I haven’t dug out any of my writing craft books in months.
But today, I spent the first hour or so of my Sunday morning sitting on the
patio with Sol Stein’s book Stein on
Writing.
I dug it out because I’m struggling a bit with the opening of one of my novel manuscripts. This one is my middle grade fantasy – which was great fun to write – but has an opening that is a bit of a dud.
I’ve stared at it. I’ve rewritten it. I’ve chopped it out
and hit “delete” more than once. Finally, I gave up on it for a while and
focused on the rest of the story, which was the right move at the time. Now,
however, I have a full manuscript draft – that still doesn’t resonate in the
first page. Problem, right?
Chapter 2 of Stein’s book is called Come Right In: First Sentences, First Paragraphs. He begins:
“Elia Kazan, brilliant director of stage and screen as well
as a late-blooming novelist, told me that audiences give a file seven minutes.
If the viewer is not intrigued by character or incident within that time, the film
and its viewer are at odds. The viewer came for an experience. The film is
disappointing him.”
So between my love of film, my own late blooming writing life,
and the general good advice of this opening itself, I think I’d better listen
to Mr. Stein. (I guess I’m hooked by the chapter on how to hook readers. Hmmm.)
Stein goes on to say the ideal goals of the opening of a
novel are:
1.
To excite the reader’s curiosity, preferably
about a character or a relationship.
2.
To introduce a setting.
3.
To lend resonance to the story.
I also have the voice of a
writer-friend whispering in my ear about this same opening. She is the first “test
reader” to give me feedback on the story and her first piece of advice was to
work on the opening. She suggested it needs to start more in the middle of the action,
more “in” the story – which (brilliantly) fits with Stein’s advice.
Not exactly the hook I need, but you get the idea. |
My challenge today: Make my middle
grade novel opening reach for those goals.

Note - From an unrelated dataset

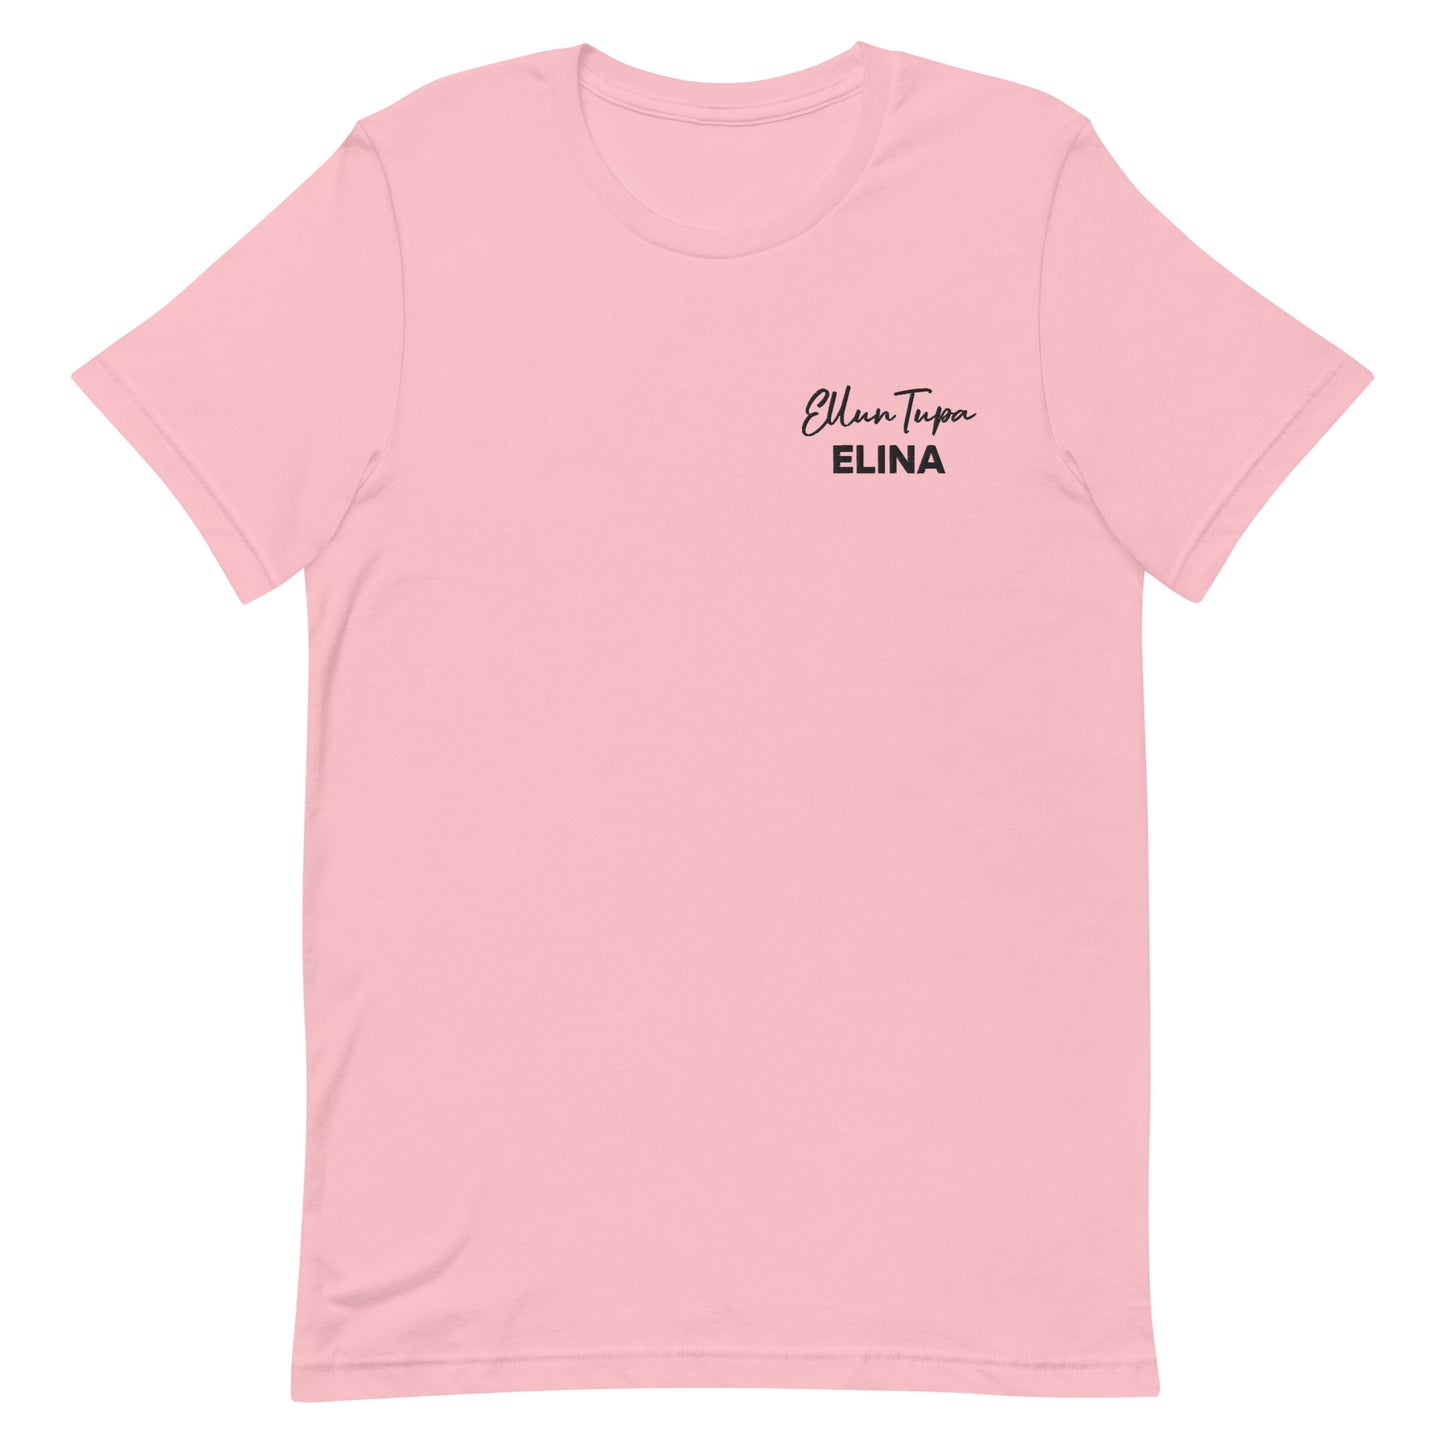 "EllunTupa" t-shirt, pink

Who do I want to excite the reader to get to know? Stephen,
the prince who prefers poetry to swords? Hector, the tricky cousin who has
designs for the throne? Both of them are in the opening already with at least
an attempt at giving clues to their lop-sided relationship. Who is missing? The
heroine. Perhaps she comes into the story way too late. The question is: How
can I move her into page one?
Setting? Castle. But where does the rest of the STORY take place
really? Outside of the castle. In the forest, in a secluded tower prison. Various
other places within the kingdom. Should I move my opening to one of these other
places in the story? Even if the castle is the seat of the king and therefore
represents the hero and heroine’s ultimate goal? Something to think about…
Finally – resonance. The story, ultimately, is about being true to who you
are. Holding fast to your dreams and defending them when necessary. Having the
courage to stand up and speak up – and take action in the face of the unknown.
Is that what needs to resonate? Or is it, perhaps, the problem: Hector plotting
to take over the throne? This might be the hardest of the Stein’s three goals
to accomplish.
I’m off to fill up my coffee mug
and try to wipe the opening “slate” clean. To try again. Wish me luck.